Egyptian foreign minister Badr Abdelatty spoke on Saturday to his Lebanese counterpart Abdallah Bou Habib saying his country was deeply concerned “over the dangerously increasing pace of escalation” in the region.
Mr Abdelatty affirmed, in a phone call with Bou Habib, Egypt’s support to Lebanon in confronting the threats surrounding it, the Egyptian foreign ministry said in a statement.
This came after US defence secretary Lloyd Austin on Friday ordered additional combat aircraft and missile-shooting warships to the Middle East in response to threats from Iran and its proxies in the Gaza Strip, Lebanon and Yemen to attack Israel in the coming days to avenge the assassination of Ismail Haniyeh, the Pentagon said.
Iran’s Revolutionary Guards said on Saturday that Mr Haniyeh was killed in Tehran by a short-range projectile with a warhead of about 7kg, and vowed severe revenge.
Wednesday’s assassination has drawn fears of direct conflict between Tehran and its arch-enemy Israel in a region shaken by Israel’s war in Gaza and a worsening conflict in Lebanon.
Revenge for the killing of the Hamas leader will be “severe and at an appropriate time, place, and manner,” the Guards’ statement added, blaming the “terrorist Zionist regime” of Israel for his death.
Israeli officials have not claimed responsibility.
Hamas issued a statement on Saturday saying it had initiated a broad consultation process to select a new leader following the assassination of its former leader Mr Haniyeh.
The US military has said it will send an additional squadron of Air Force F-22 fighter jets, an unspecified number of additional navy cruisers and destroyers capable of intercepting ballistic missiles, and, if needed, more land-based ballistic-missile defence systems to the Middle East.
To maintain the presence of an aircraft carrier and its accompanying warships in the region, Mr Austin also directed the aircraft carrier Abraham Lincoln, now in the eastern Pacific, to relieve the aircraft carrier Theodore Roosevelt in the next couple of weeks when it is scheduled to return home.
Some ships already in the western Mediterranean Sea will move east, closer to the coast of Israel to provide more security, a senior Pentagon official said.
“Secretary Austin has ordered adjustments to US military posture designed to improve US force protection, to increase support for the defence of Israel and to ensure the United States is prepared to respond to various contingencies,” Sabrina Singh, the deputy Pentagon press secretary, said in a statement.

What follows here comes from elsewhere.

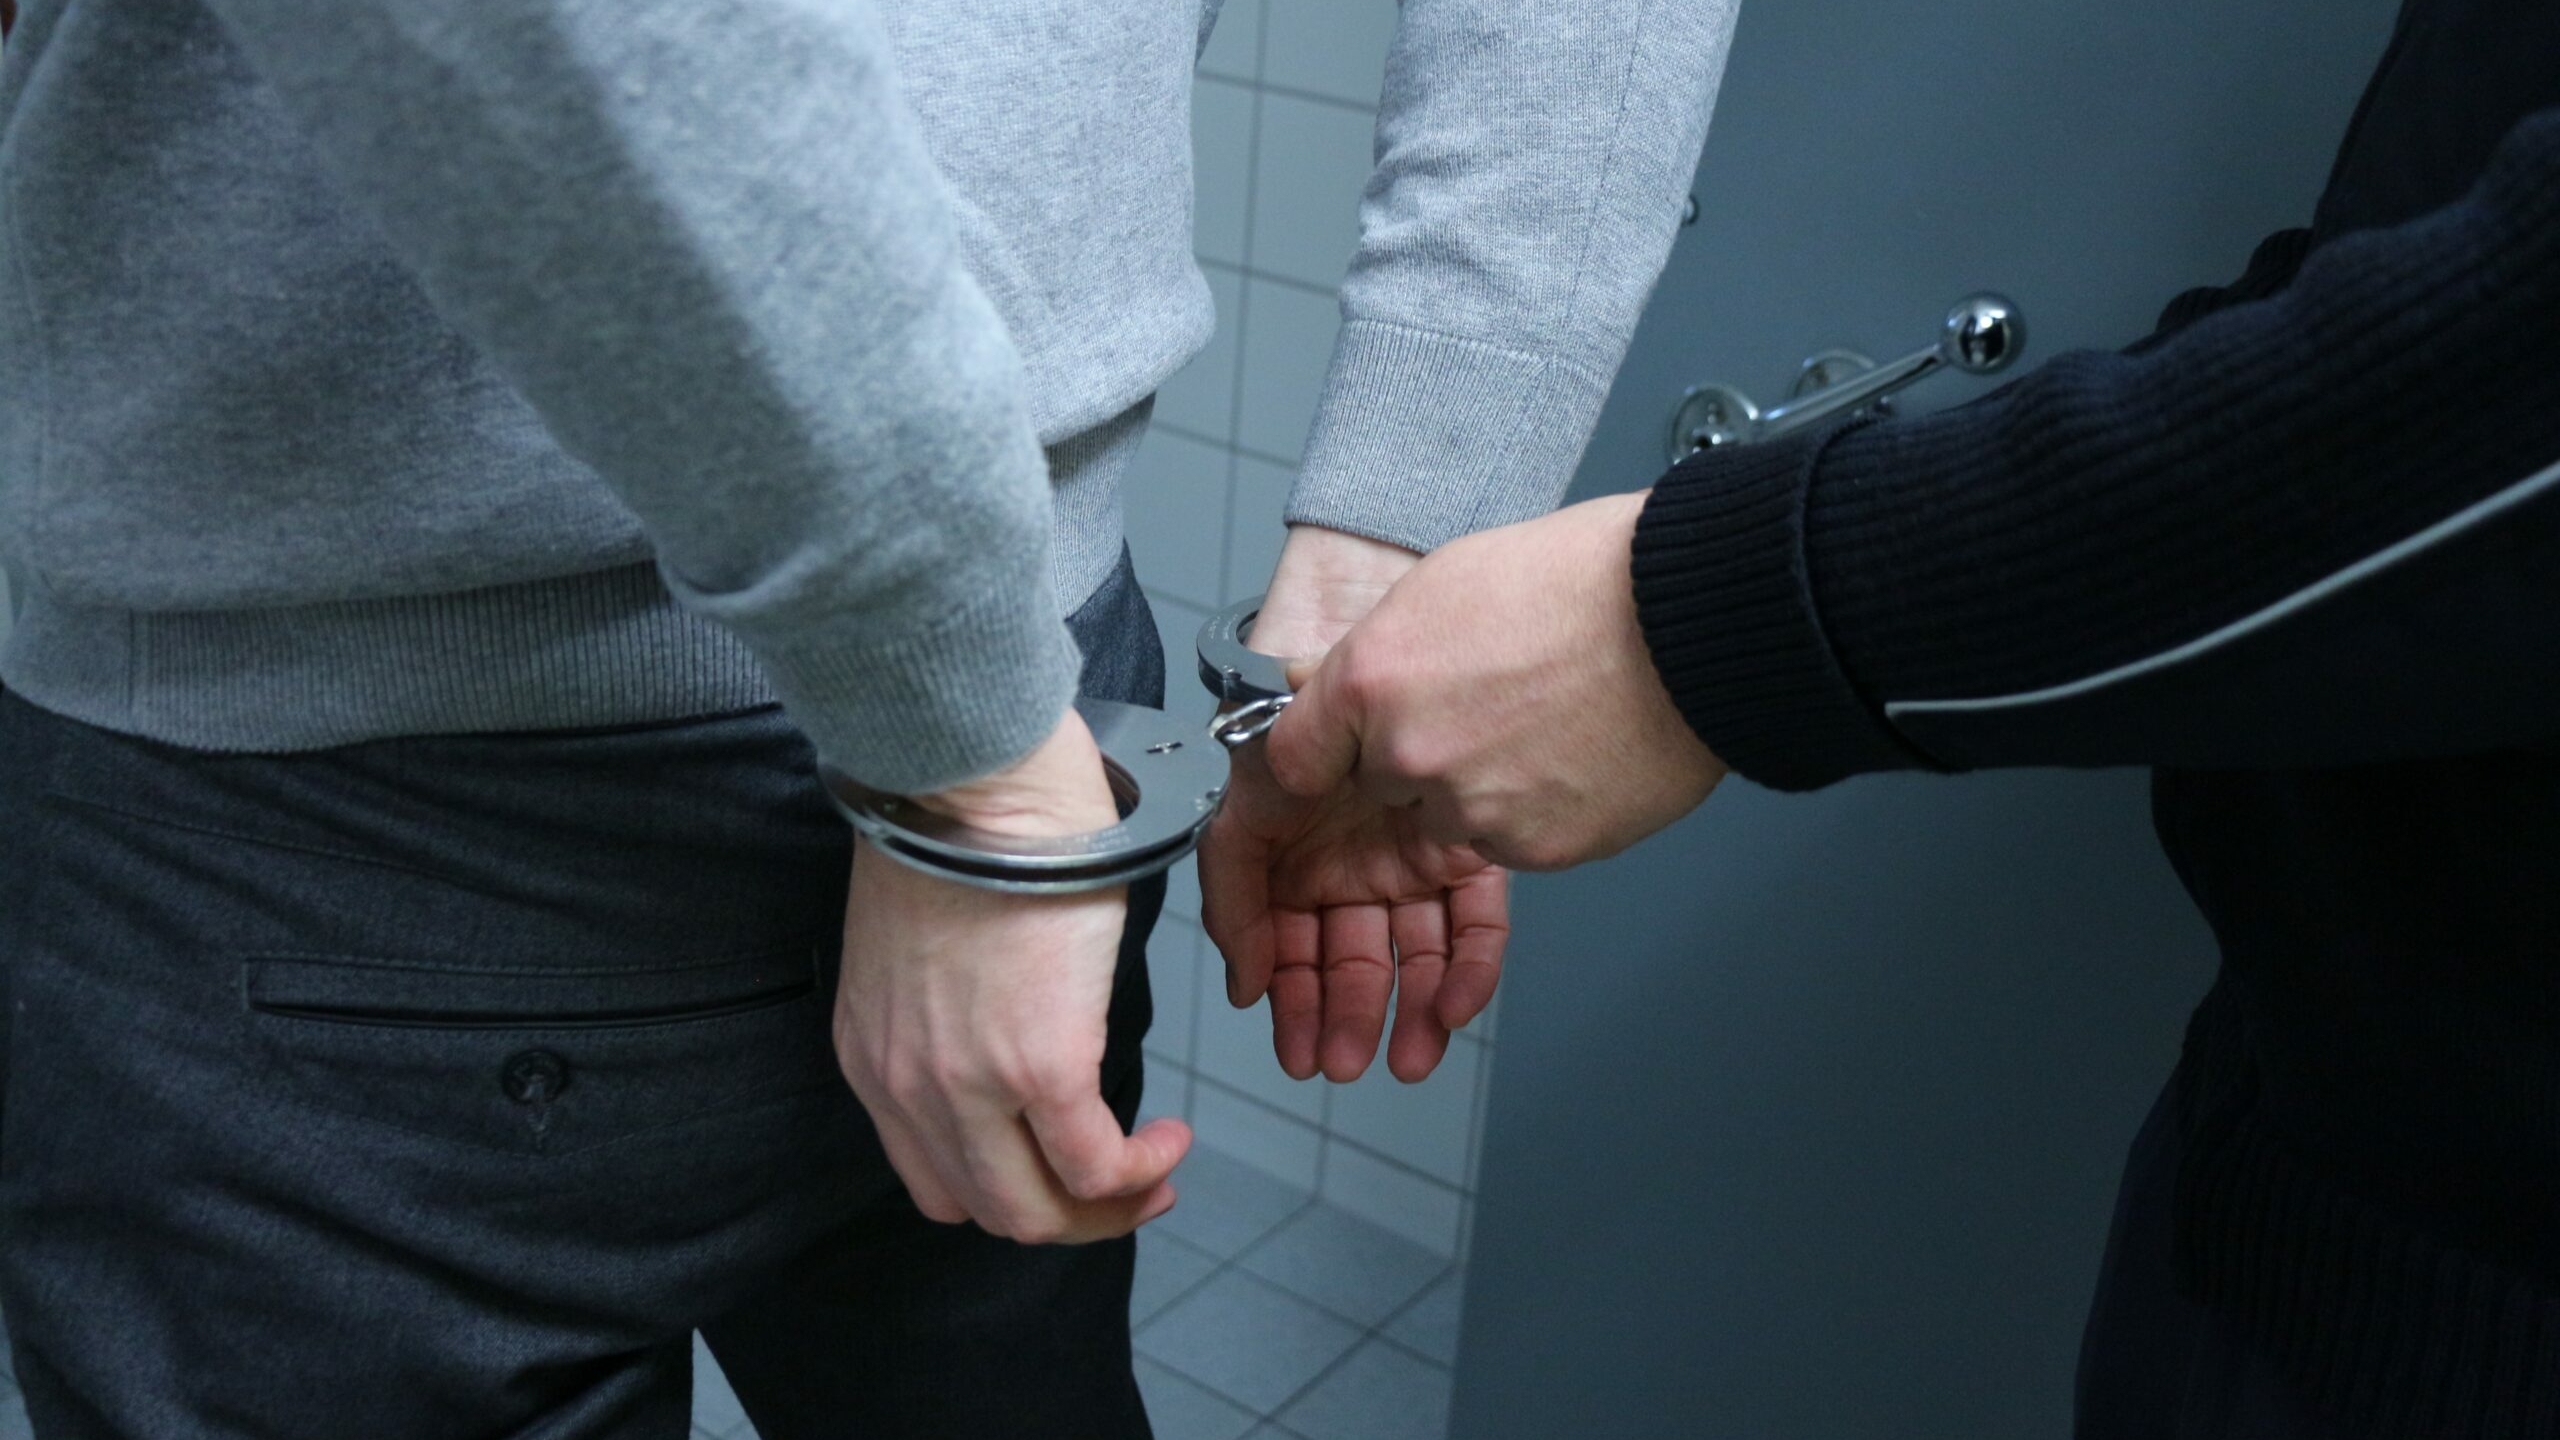 Секс с 13-летней петербурженкой обернулся для охранника и контролера задержанием

The statement did not specify when the additional warplanes and combatant vessels would arrive, but officials said it would be a matter of days for the additional aircraft and somewhat longer for the naval reinforcements.
Officials said they were seeking to calibrate the US response to send enough of the right types of aircraft and ships as quickly as possible to help defend Israel without appearing to escalate the conflict.
Ms Singh, in a news conference earlier on Friday, had raised the possibility that the United States could also send additional troops to operate whatever additional capabilities the Pentagon sends to the region. The support, she said, would be defensive in nature.
[ Who was the Hamas political leader Ismail Haniyeh?Opens in new window ]
She said that during a telephone call that Mr Austin held with his Israeli counterpart, Yoav Gallant, on Friday morning, Mr Austin “committed” that the United States would help Israel in its defence. “We will be bolstering our force protection in the region,” she said.
The Pentagon is also bracing for the possibility that Iran-backed groups, including the Houthis in Yemen and Hizbullah in Lebanon, might target US troops in the region as part of the expected Iranian retaliation for the killing of Mr Haniyeh this week.